Furthermore, I was pleased to see that I could take care of my personal crisis while continuing to succeed at work. IBJ co-hosted an exciting event with the African, Caribbean, and Pacific Group of States at the United Nations (U.N.) on Monday. We discussed progress towards the U.N.'s Sustainable Development Goal 16 and strategies for engaging youth and technology to improve access to justice worldwide. I had the opportunity to help organize and facilitate the event and meet Swiss high school students, corporate philanthropists, non-profit executives, international lawyers, and U.N. Ambassadors. My conversation with one of the event’s prominent attendees went so well that he invited me to continue our discussion of sustainable impact bonds and public-private partnerships over lunch.

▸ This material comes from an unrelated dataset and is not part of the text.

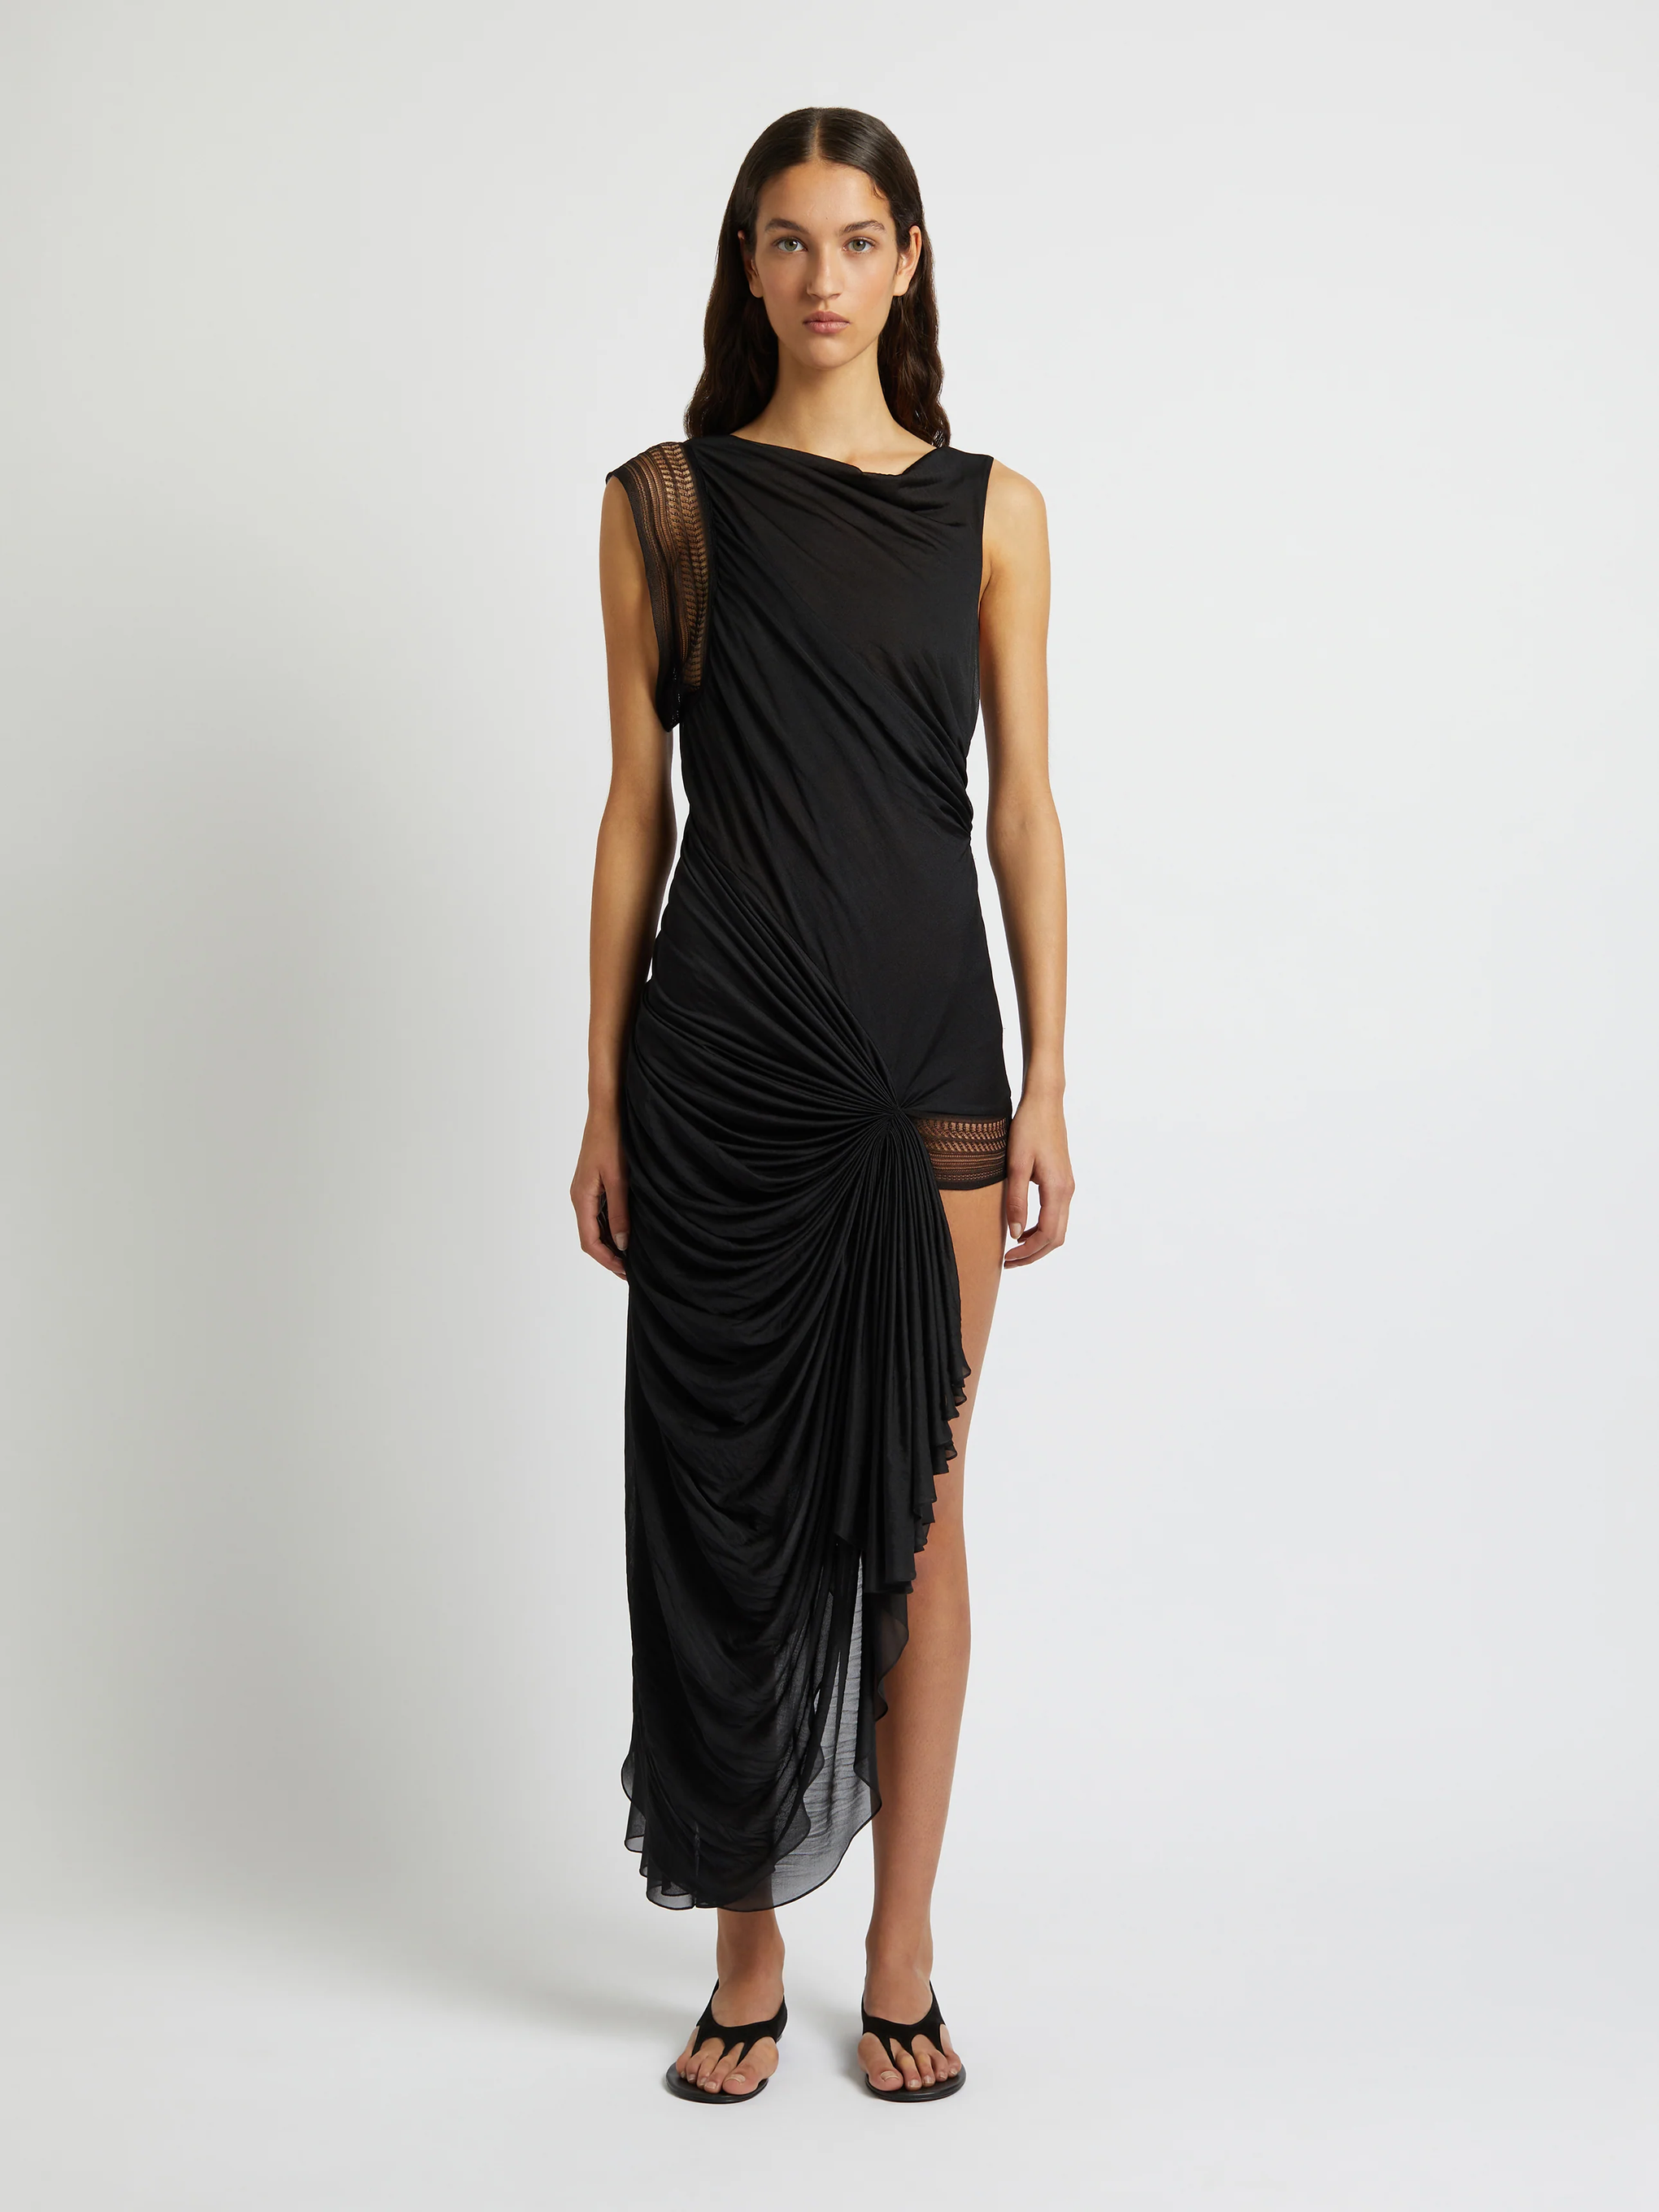 Christopher Esber Galathea Asymmetric long Dress in Black available at The New Trend Australia.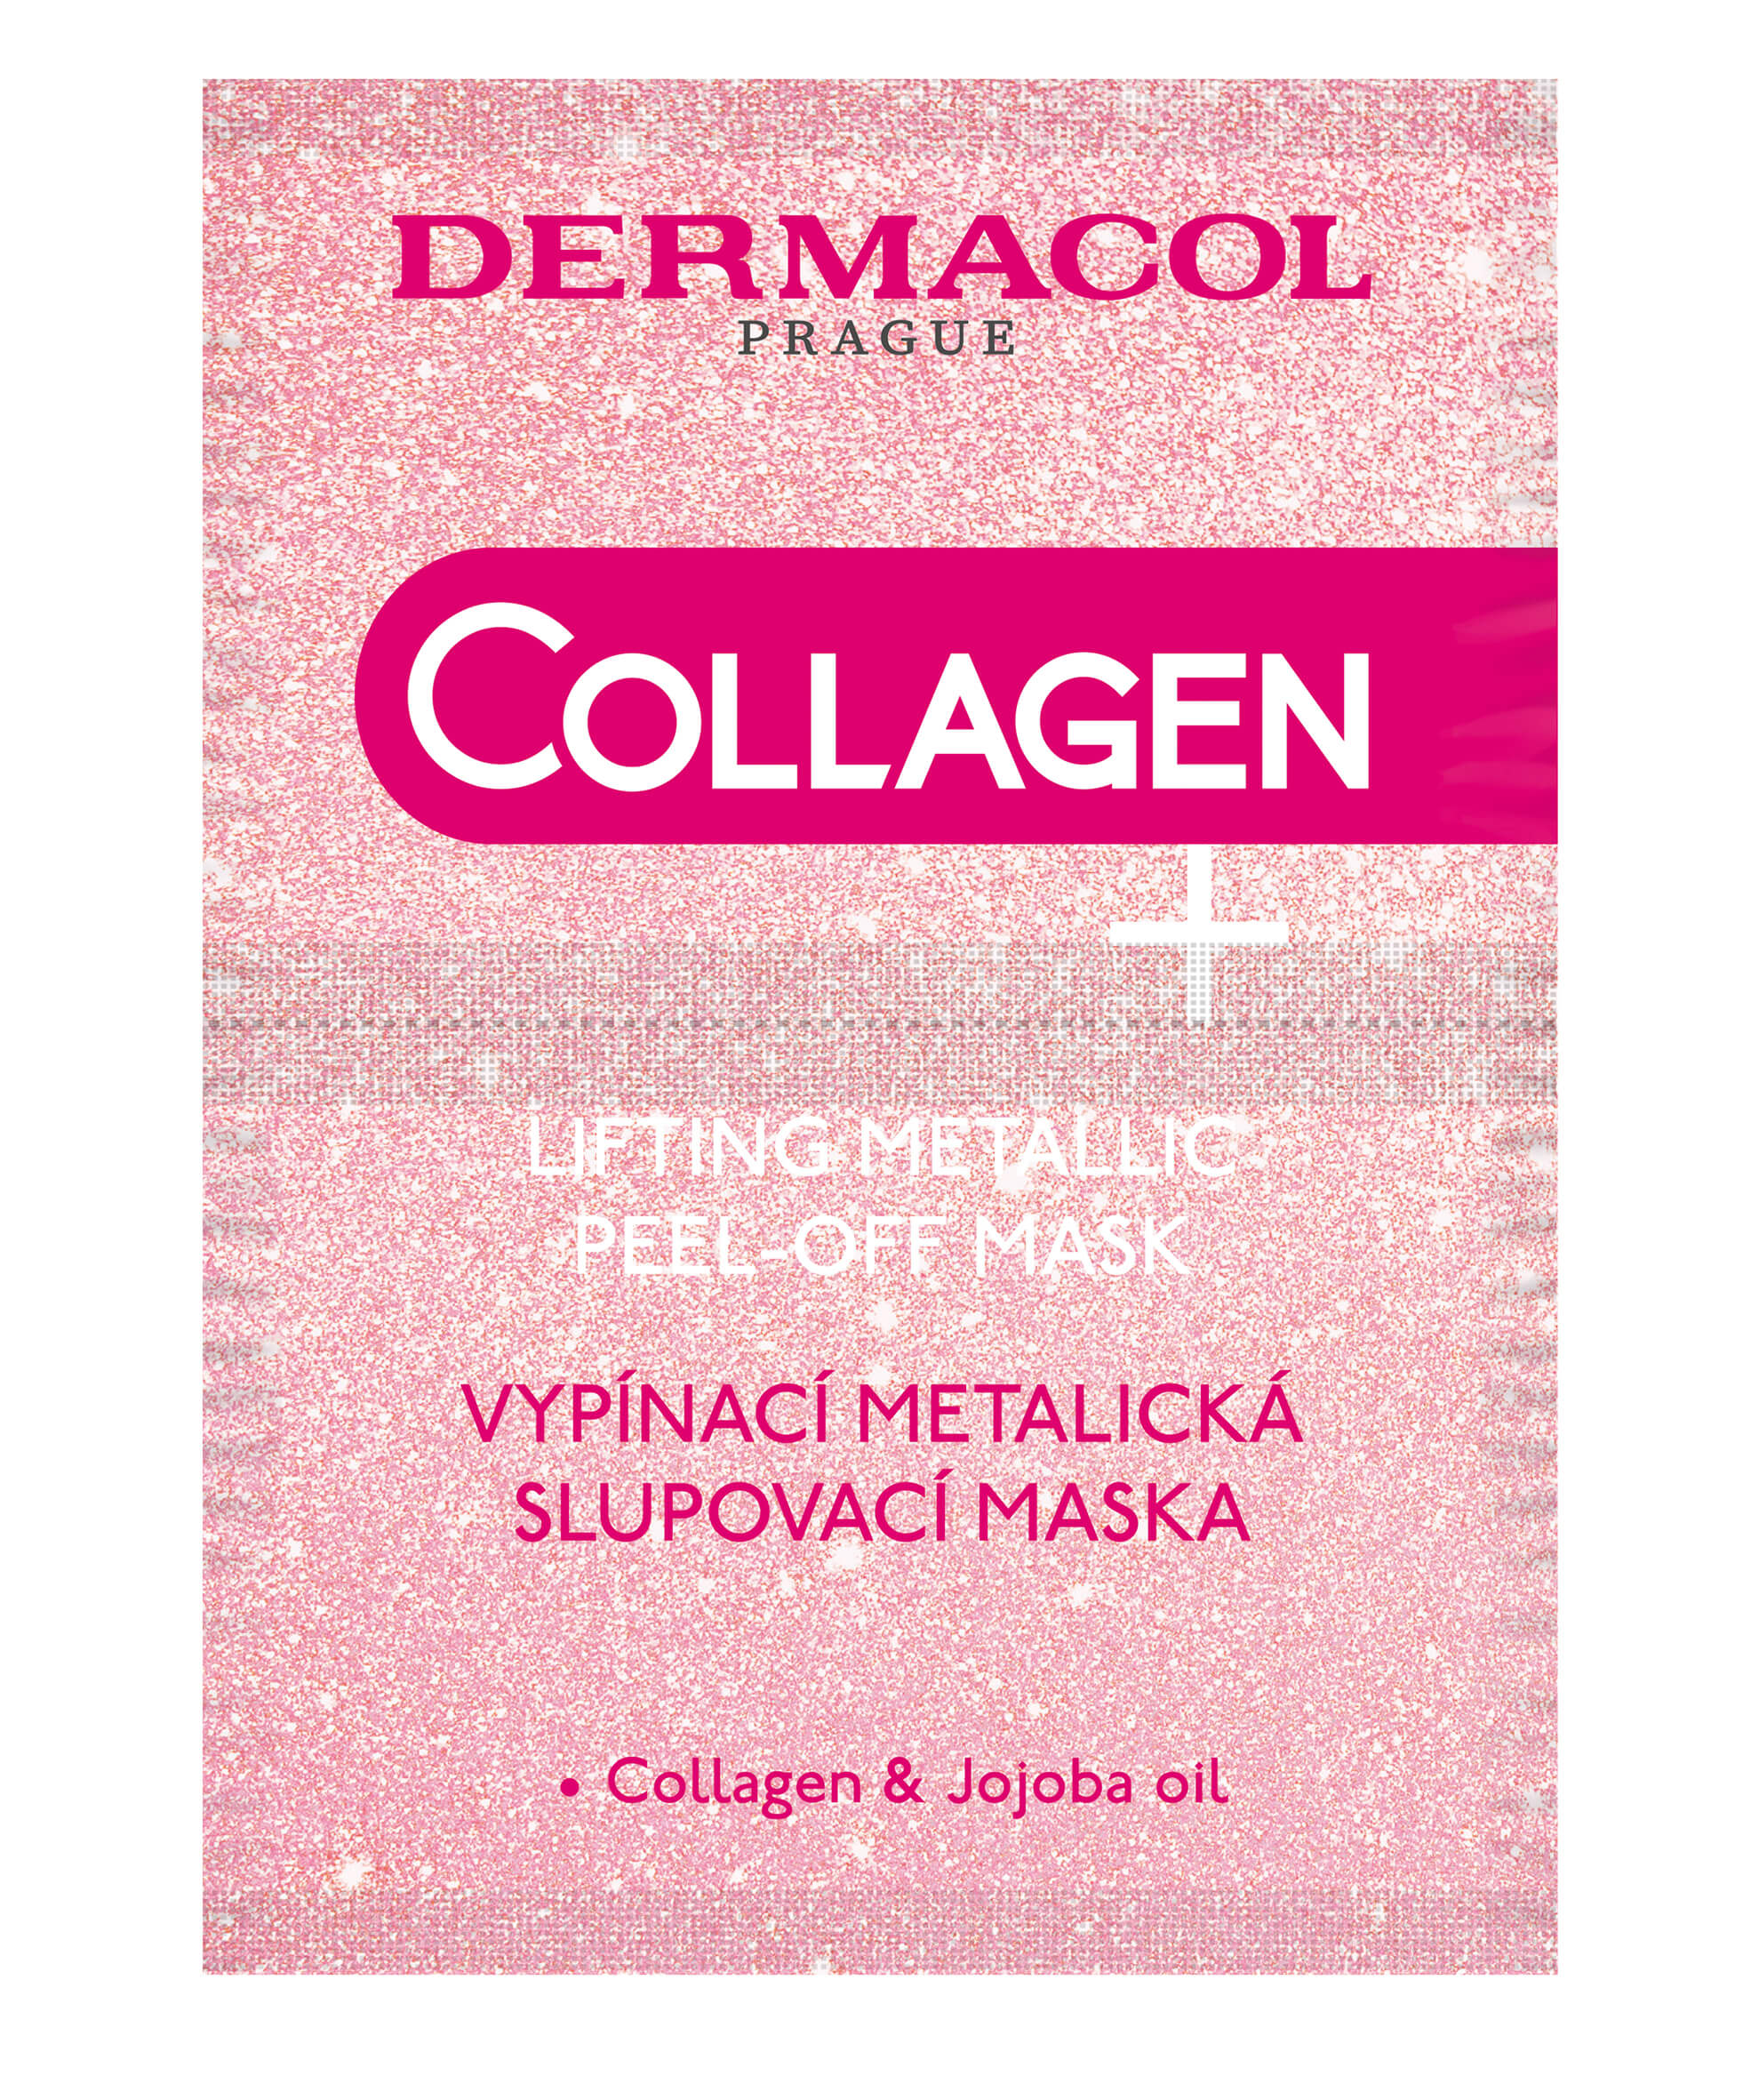 Dermacol Vypínací metalická slupovací maska s kolagenem Collagen Plus (Lifting Metallic Peel-Off Mask) 2 x 7, 5 ml

Lunch was both fun and educational, and I am optimistic that this connection will blossom into an opportunity for IBJ to obtain new funding.
During our event, one of IBJ’s employees sent out an SOS message to her network and found me a room in a friend’s flat for a price that I could afford. My new human and canine flatmates are both lovely ladies, and I am so grateful to have a clean, safe, permanent (at least for the next 6 weeks) place to sleep.
I always thought that the Trump administration’s zero tolerance policy was unacceptable, but I have a new sense of empathy for the people who are being hurled into insecure, traumatic situations in a foreign country. Because I have a legal background and a financial safety net, was not worried about the safety of my family, was not being drugged or abused, and was free to move about the world as I chose, my situation is incomparable to the situation at the U.S.-Mexico border. However, I now have a better understanding of what it feels like to be housing-insecure, and it is awful.
After ending my conversation with the booking company well past midnight and feeling as though I was getting nowhere, I decided that I needed to do something to help the migrants' whose situations are far more stressful than my own. I also could not shake the discomfort that gripped me during IBJ’s U.N. event. I was offering insights about how to stop human rights violations in African and Southeast Asian countries while my own country drugged displaced children and locked asylum-seekers in cages. Consequently, I volunteered to do remote paralegal work for Southern Poverty Law Center’s Southeast Immigrant Freedom Initiative. While I wait to receive a response to my application, I would encourage you to join me in doing what you can to make a difference.
Even if you cannot work for an international NGO, there are abundant opportunities to help prevent and mitigate human rights abuses. Many are occurring within the United States as you read this blog post.
Regardless of where and for whom I work after graduation, I will devote a substantial portion of my time to battling human rights abuses worldwide because I do care about using my privilege to make a positive difference. If you do too, maybe we finally can raise the worldwide standard of due care.